Shown in studies at Tuffs University to benefit both short-term memory and coordination, blueberries pack quite a punch in a tiny blue package.[2]

When compared to other fruits and veggies, blueberries were found to have the highest amount of antioxidants (especially flavonoids), but strawberries, raspberries, and blackberries are also full of brain benefits.

3. Tomatoes

Tomatoes are packed full of the antioxidant lycopene, which has shown to help protect against free-radical damage most notably seen in dementia patients.

4. Broccoli

While all green veggies are important and rich in antioxidants and vitamin C, broccoli is a superfood even among these healthy choices.

Since your brain uses so much fuel (it’s only 3% of your body weight but uses up to 17% of your energy), it is more vulnerable to free-radical damage and antioxidants help eliminate this threat.

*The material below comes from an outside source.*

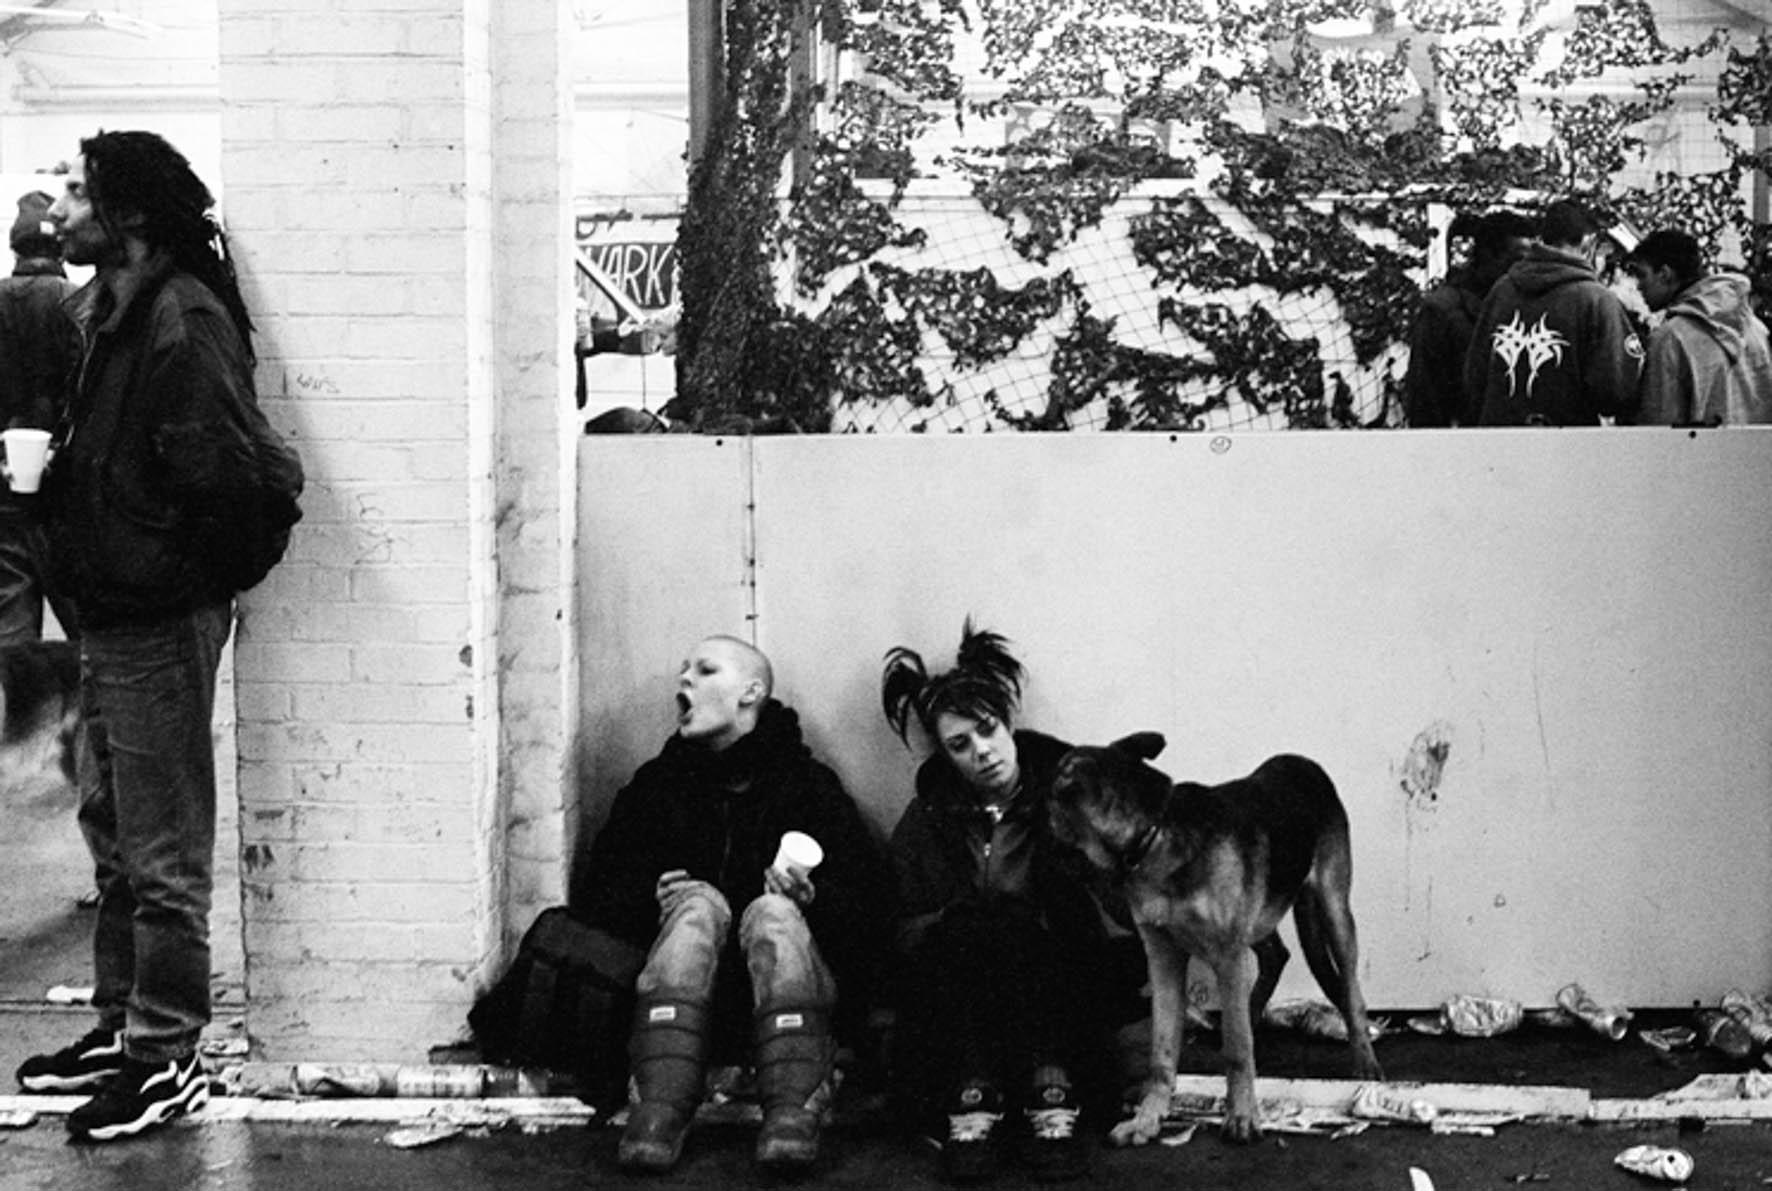 Molly Macindoe - Sally, Belinda and Knickers the dog, Acton, London, 1999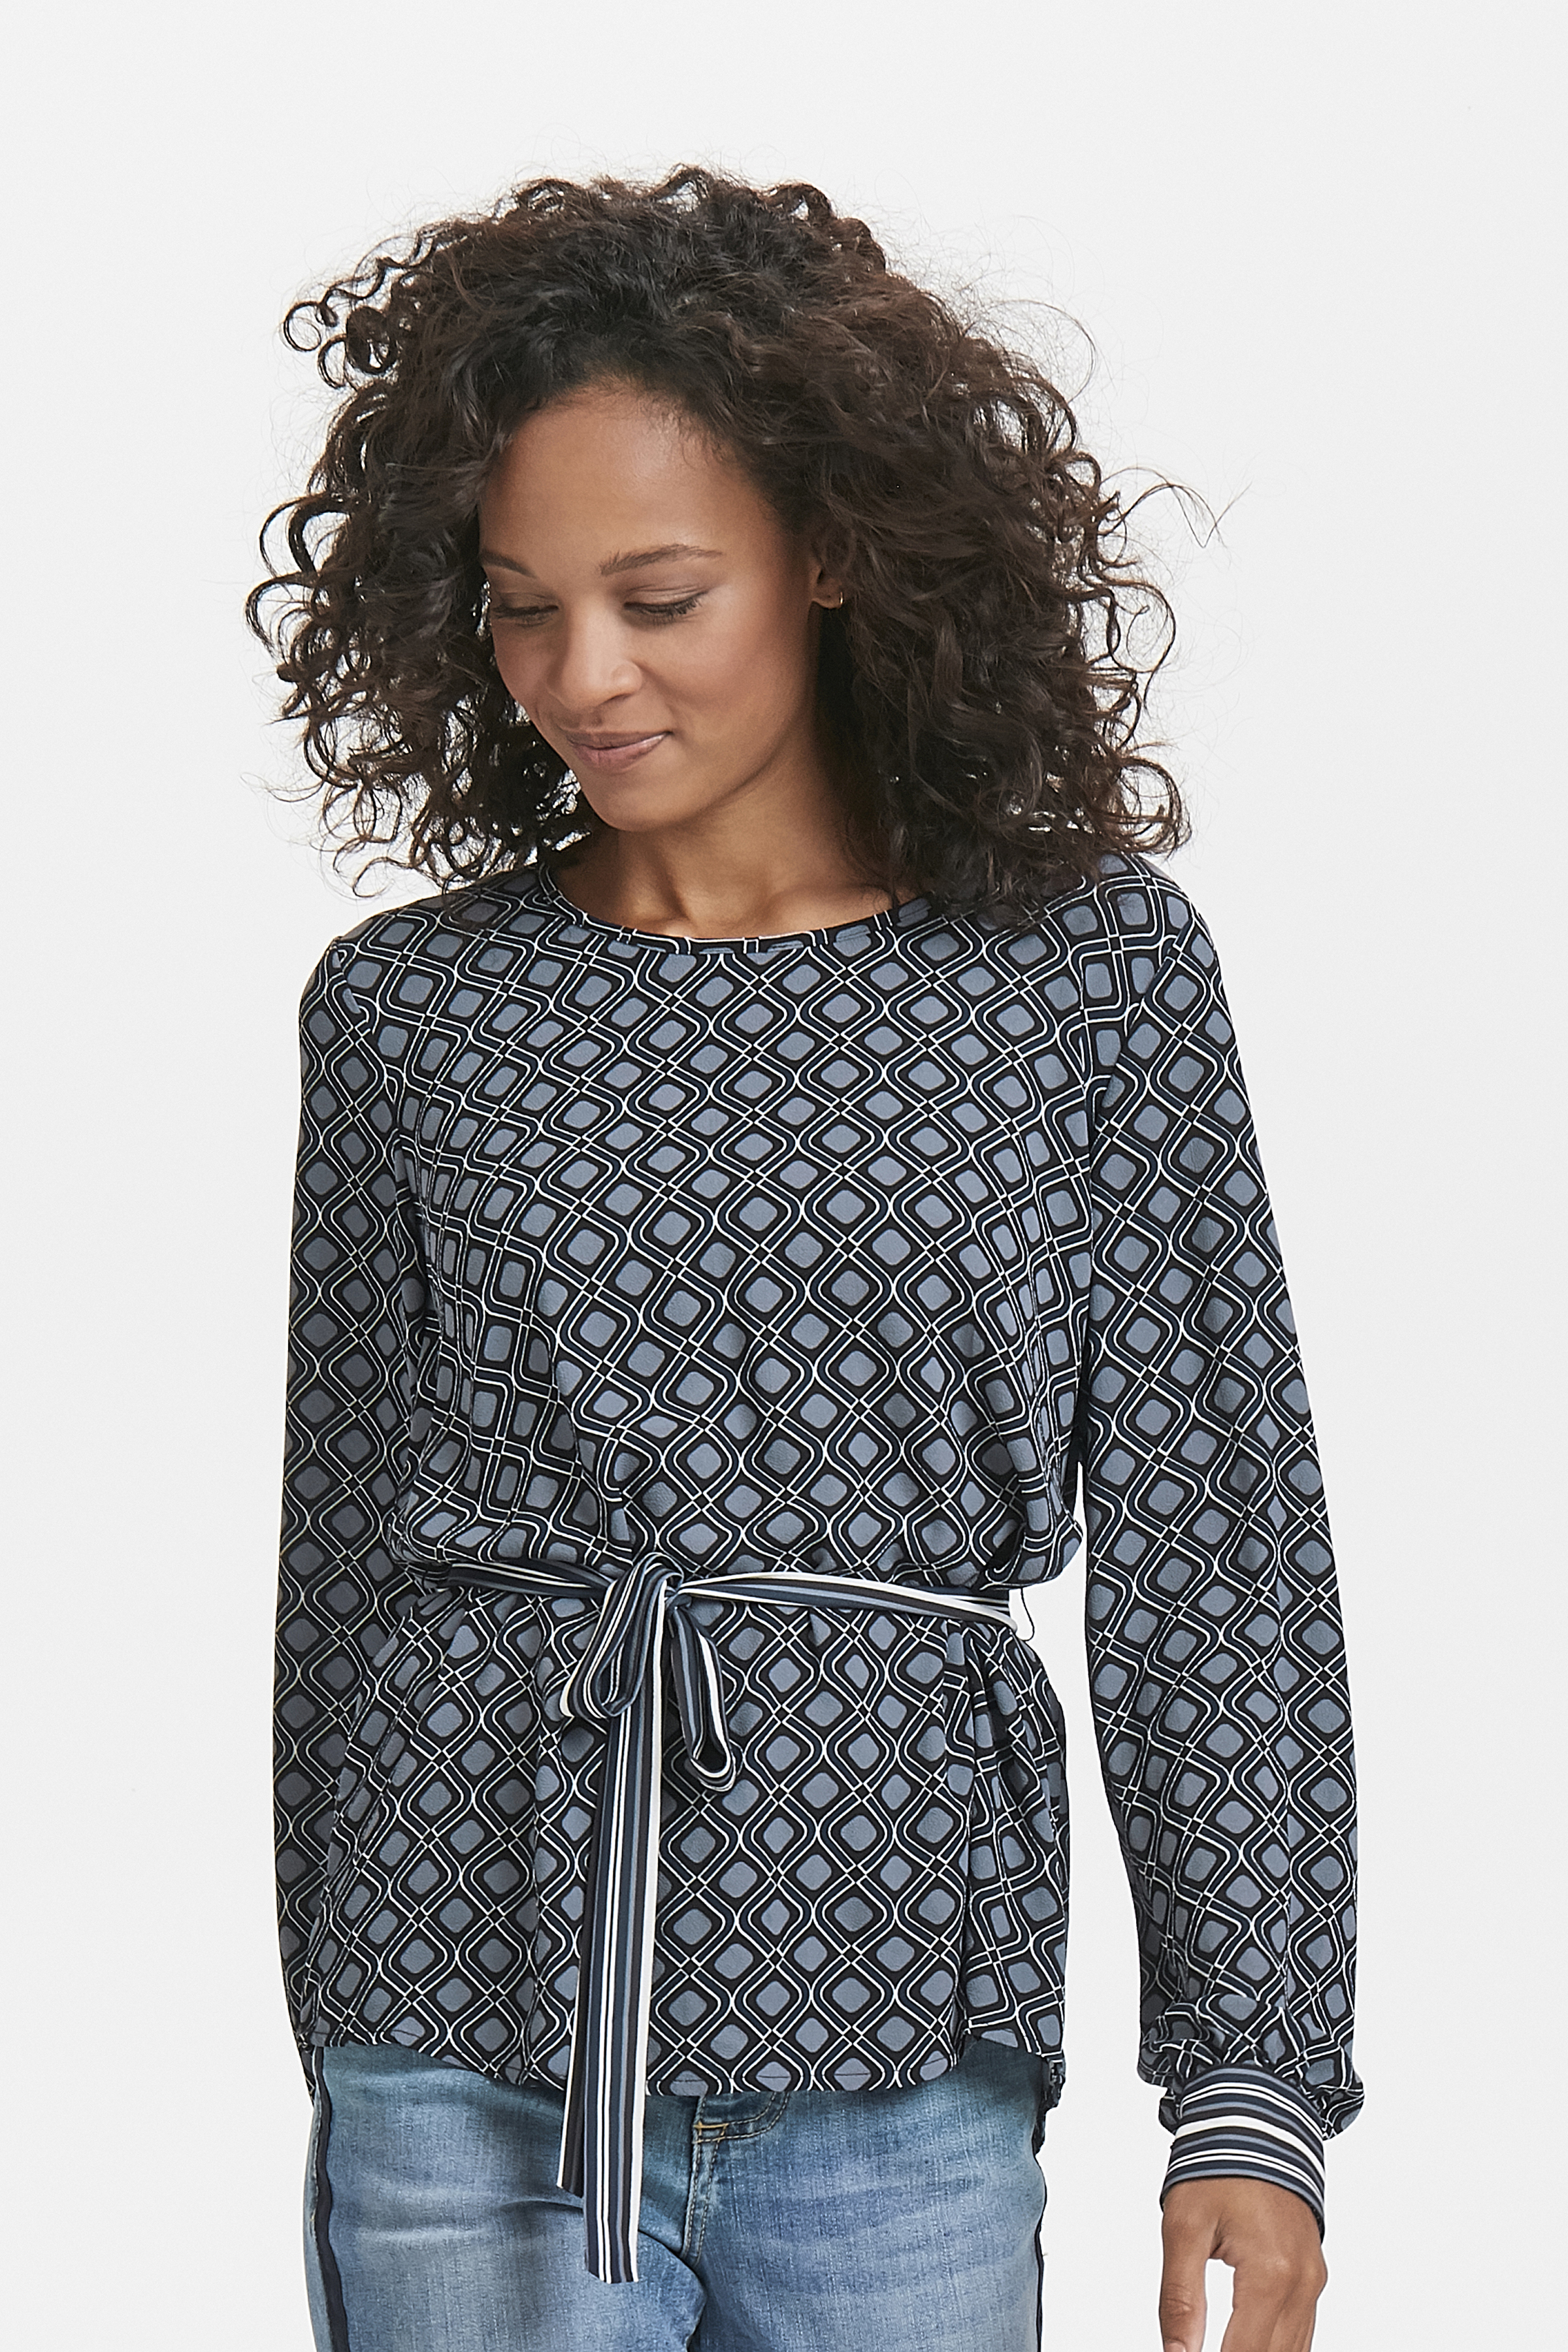 Grau/schwarz Langarm-Bluse  von Kaffe – Shoppen SieGrau/schwarz Langarm-Bluse  ab Gr. 34-46 hier

Broccoli is packed full of antioxidants, is well-known as a powerful cancer fighter and is also full of vitamin K, which is known to enhance cognitive function.

5. Foods Rich in Essential Fatty Acids

Your brain is the fattest organ (not counting the skin) in the human body, and is composed of 60% fat. That means that your brain needs essential fatty acids like DHA and EPA to repair and build up synapses associated with memory.

The body does not naturally produce essential fatty acids so we must get them in our diet.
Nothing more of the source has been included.